*Task objective*: Each line from the one containing "Dans une autre" through the last line of the records is to be repeated exactly, with all pictures left out.

*Raw data*:

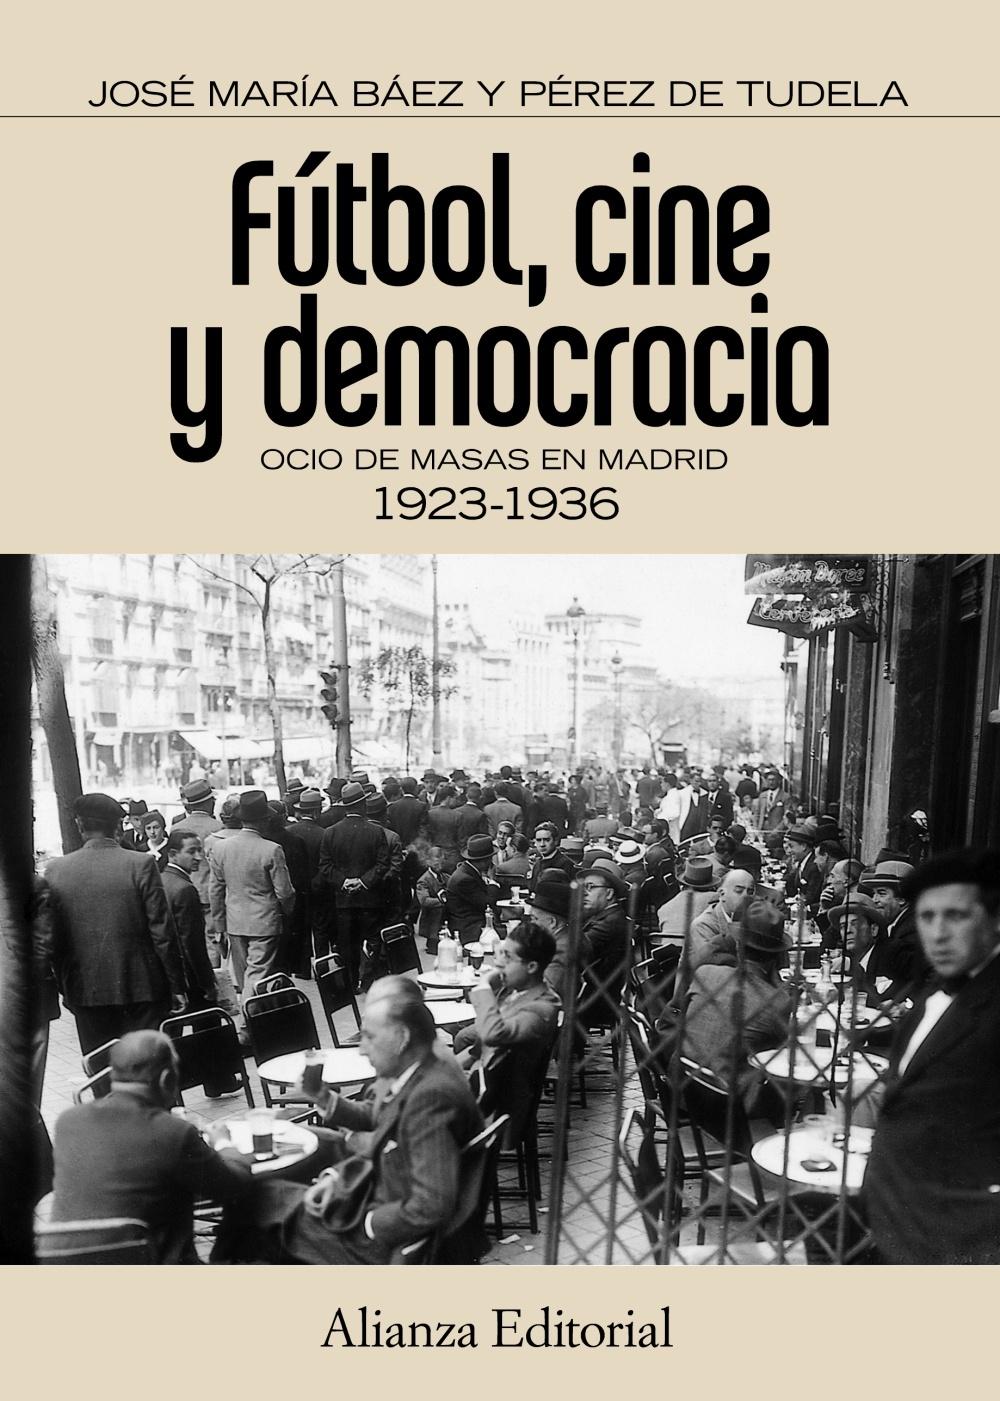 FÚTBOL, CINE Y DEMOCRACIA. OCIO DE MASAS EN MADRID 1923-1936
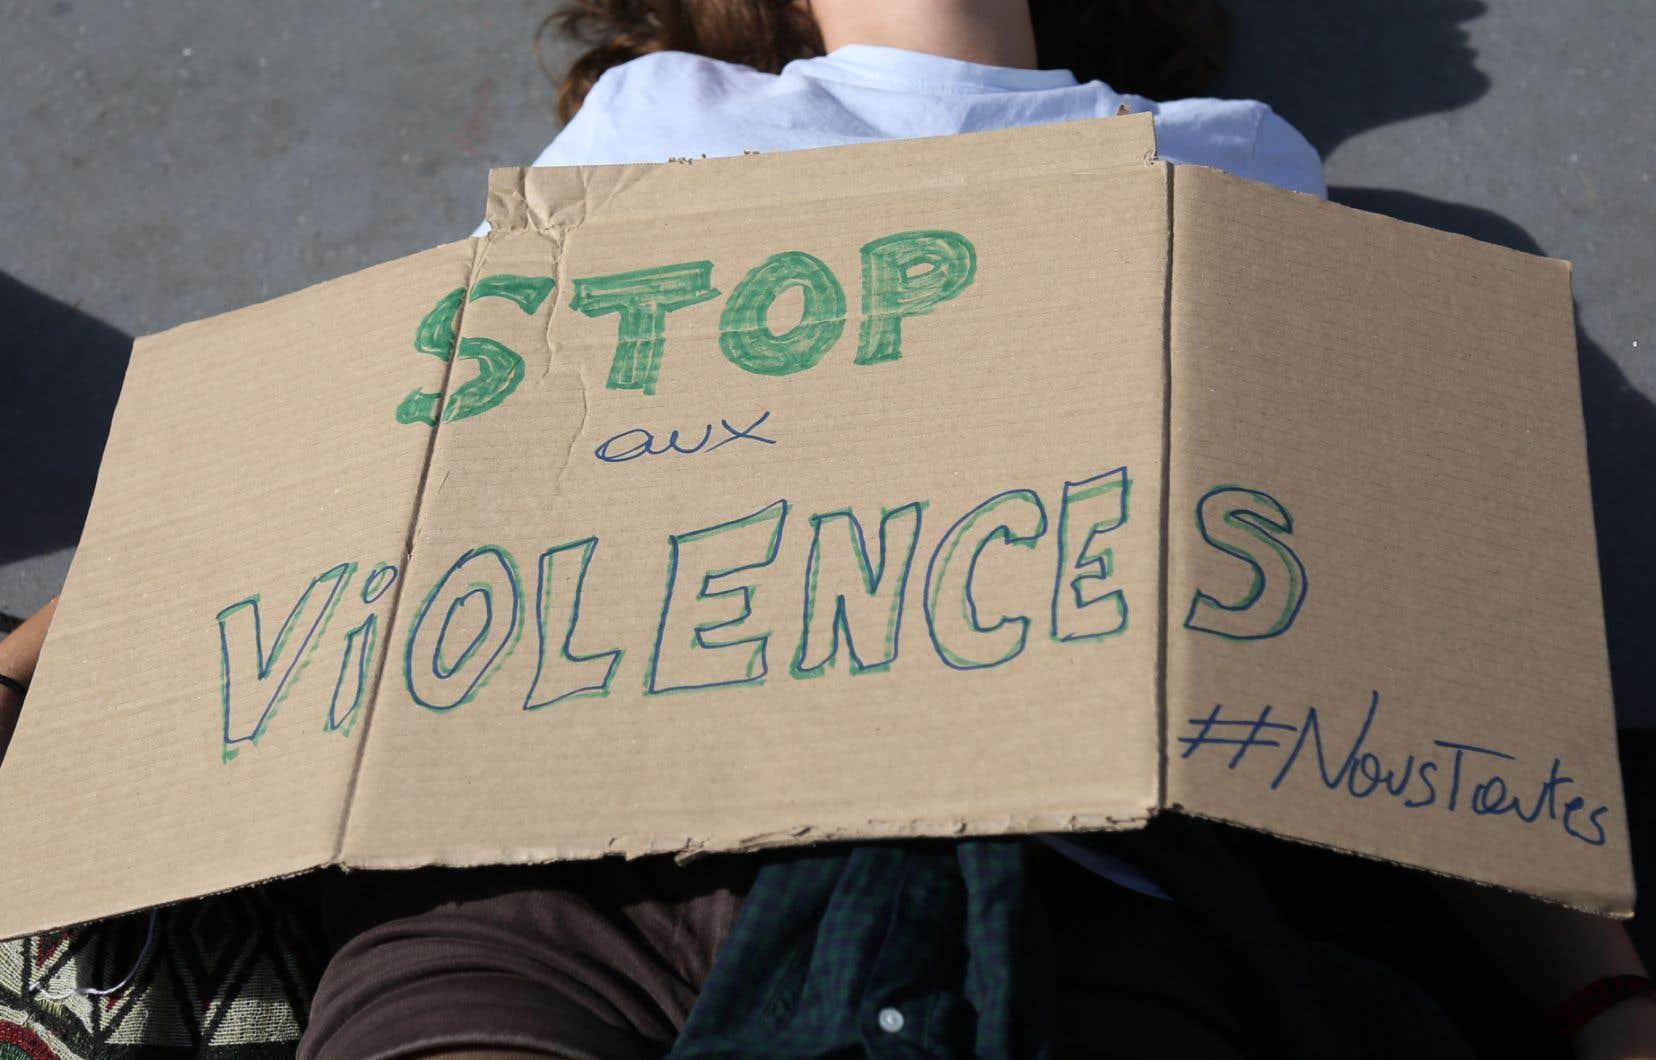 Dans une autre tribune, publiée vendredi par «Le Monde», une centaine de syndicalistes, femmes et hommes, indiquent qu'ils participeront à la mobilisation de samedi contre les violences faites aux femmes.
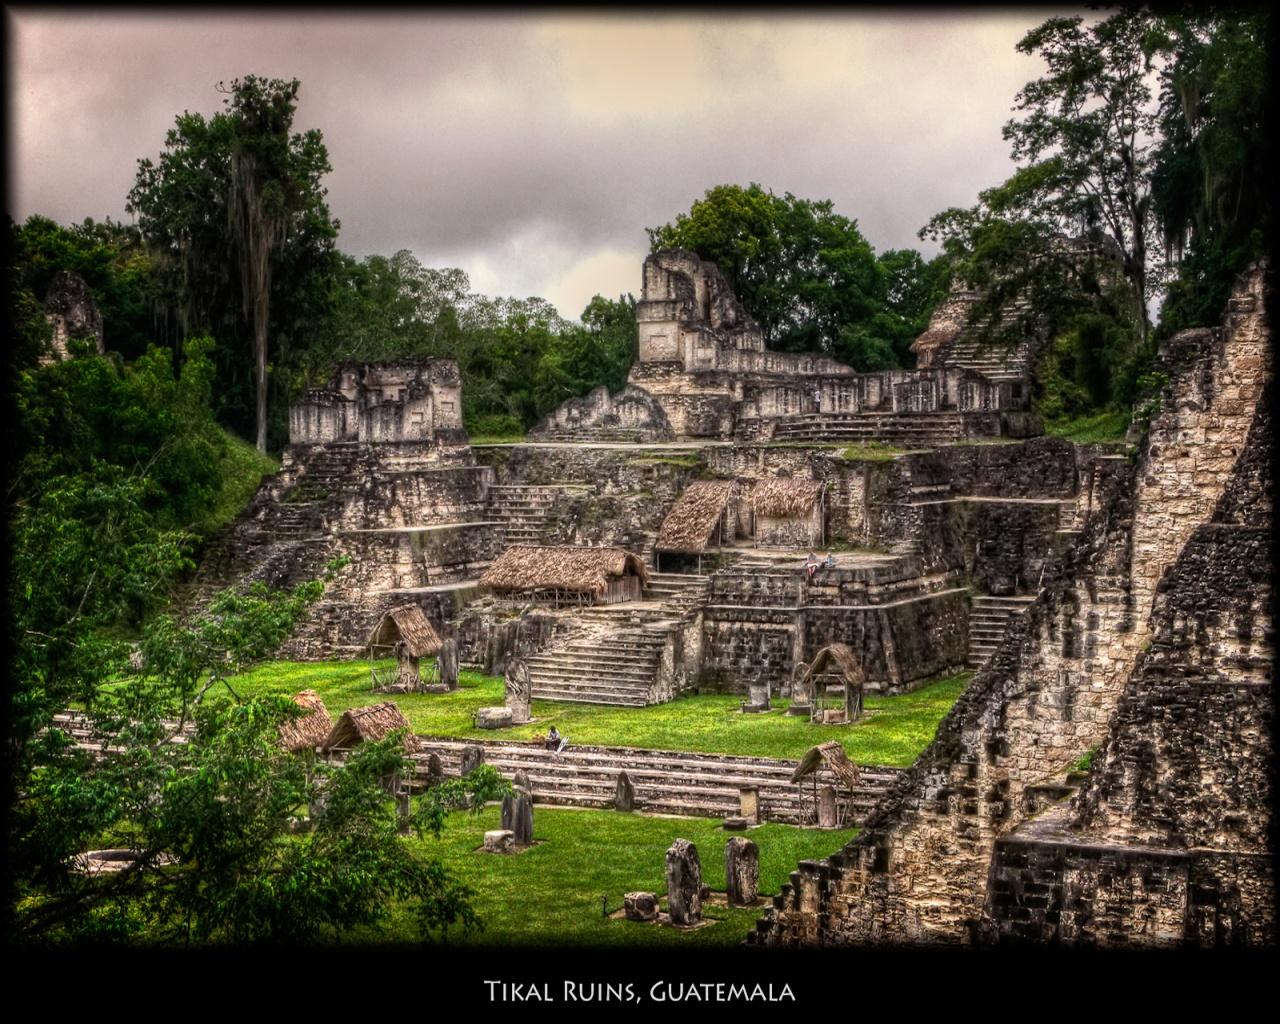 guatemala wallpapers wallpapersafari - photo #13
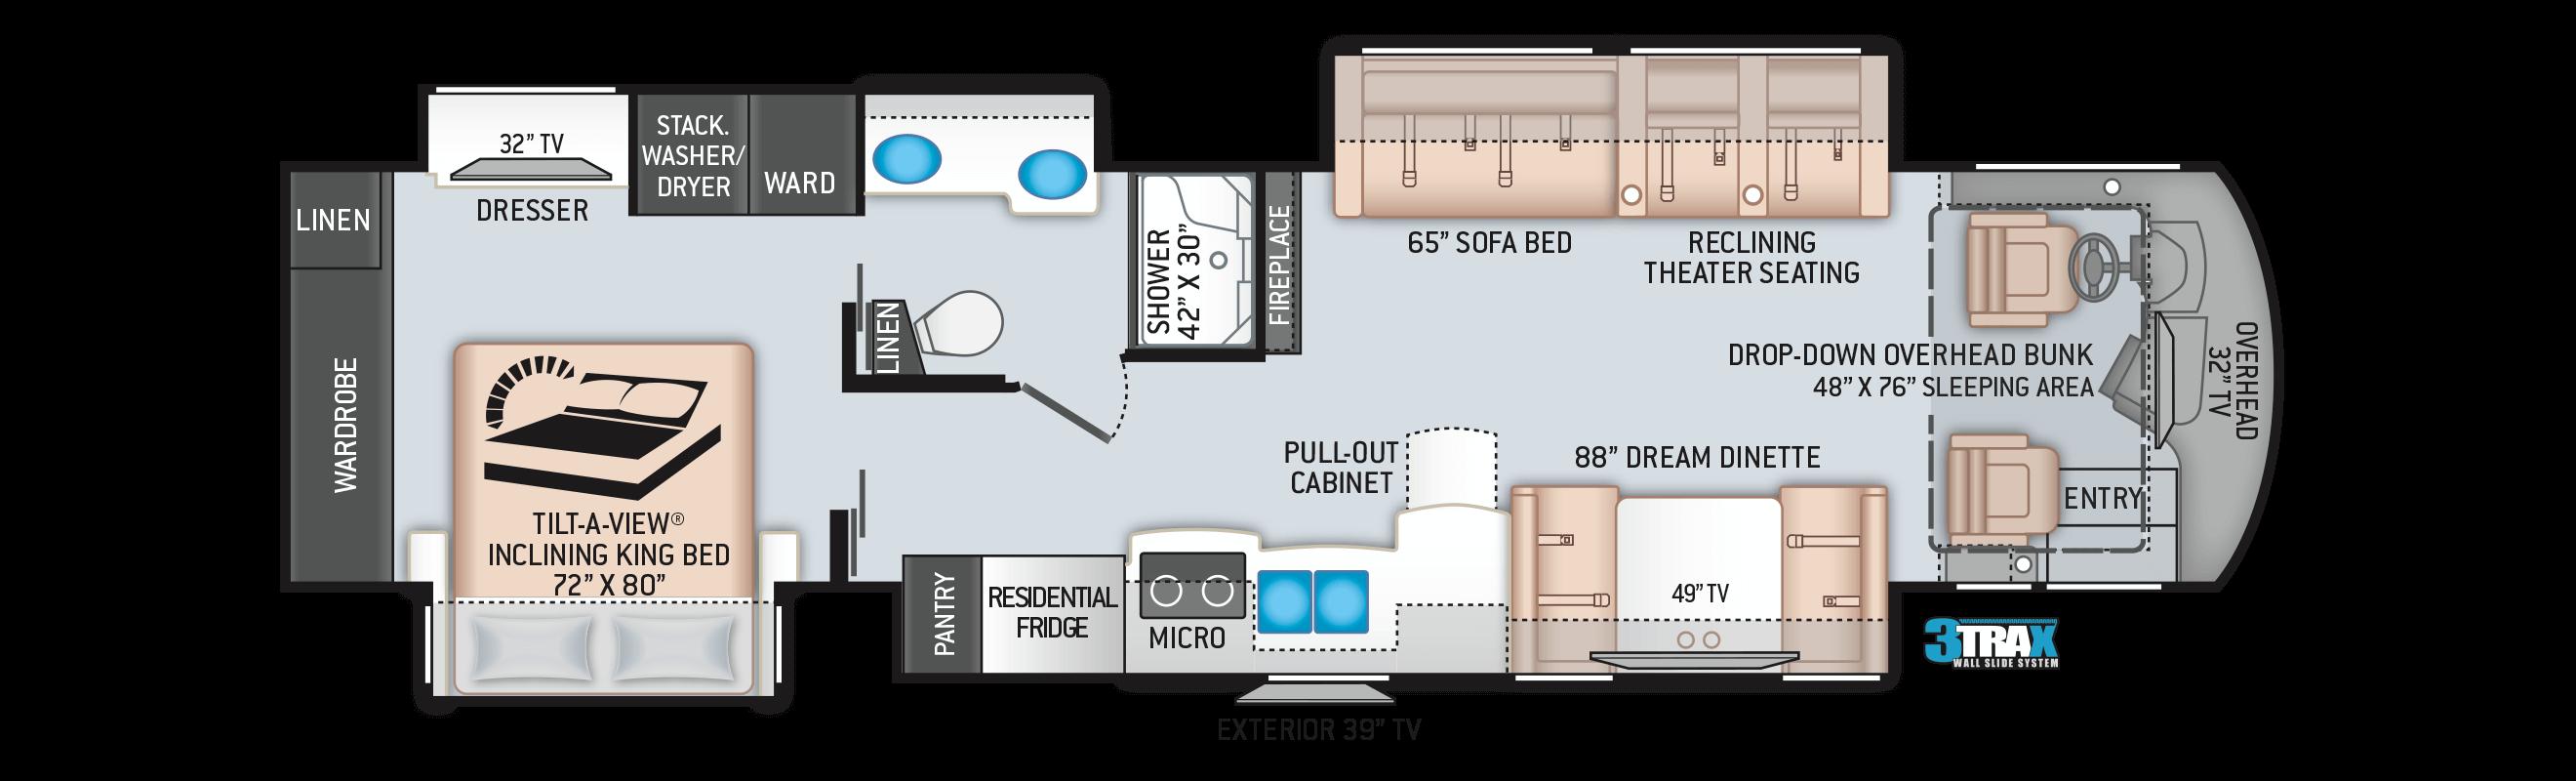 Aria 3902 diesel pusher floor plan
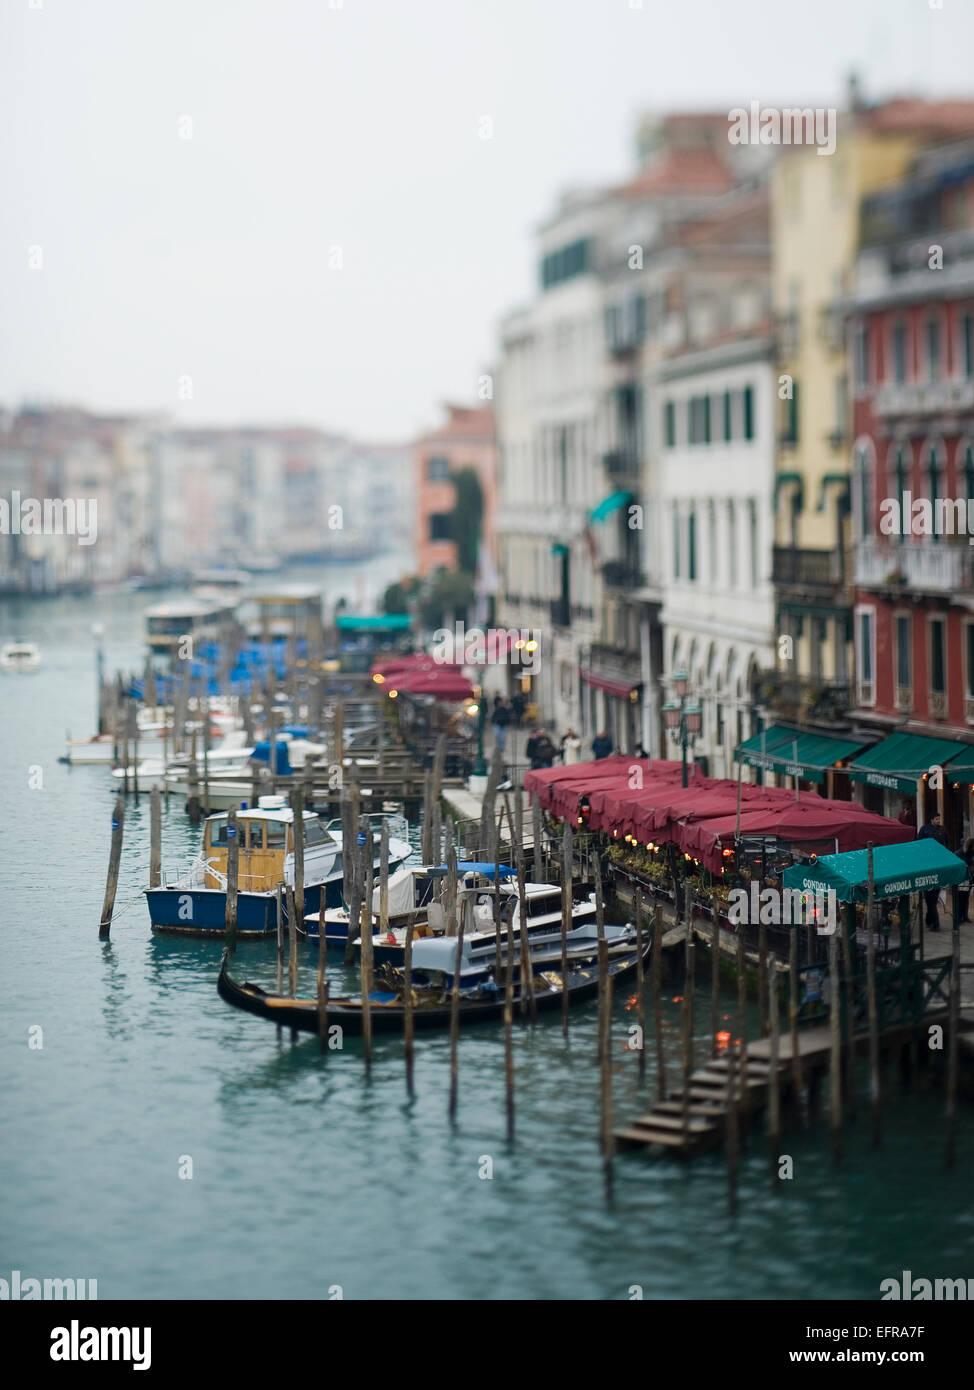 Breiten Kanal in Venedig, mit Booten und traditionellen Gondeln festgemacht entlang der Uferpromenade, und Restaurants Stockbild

*Solution to this problem*:
 Dans une autre tribune, publiée vendredi par «Le Monde», une centaine de syndicalistes, femmes et hommes, indiquent qu'ils participeront à la mobilisation de samedi contre les violences faites aux femmes.
 guatemala wallpapers wallpapersafari - photo #13
 Aria 3902 diesel pusher floor plan
 Breiten Kanal in Venedig, mit Booten und traditionellen Gondeln festgemacht entlang der Uferpromenade, und Restaurants Stockbild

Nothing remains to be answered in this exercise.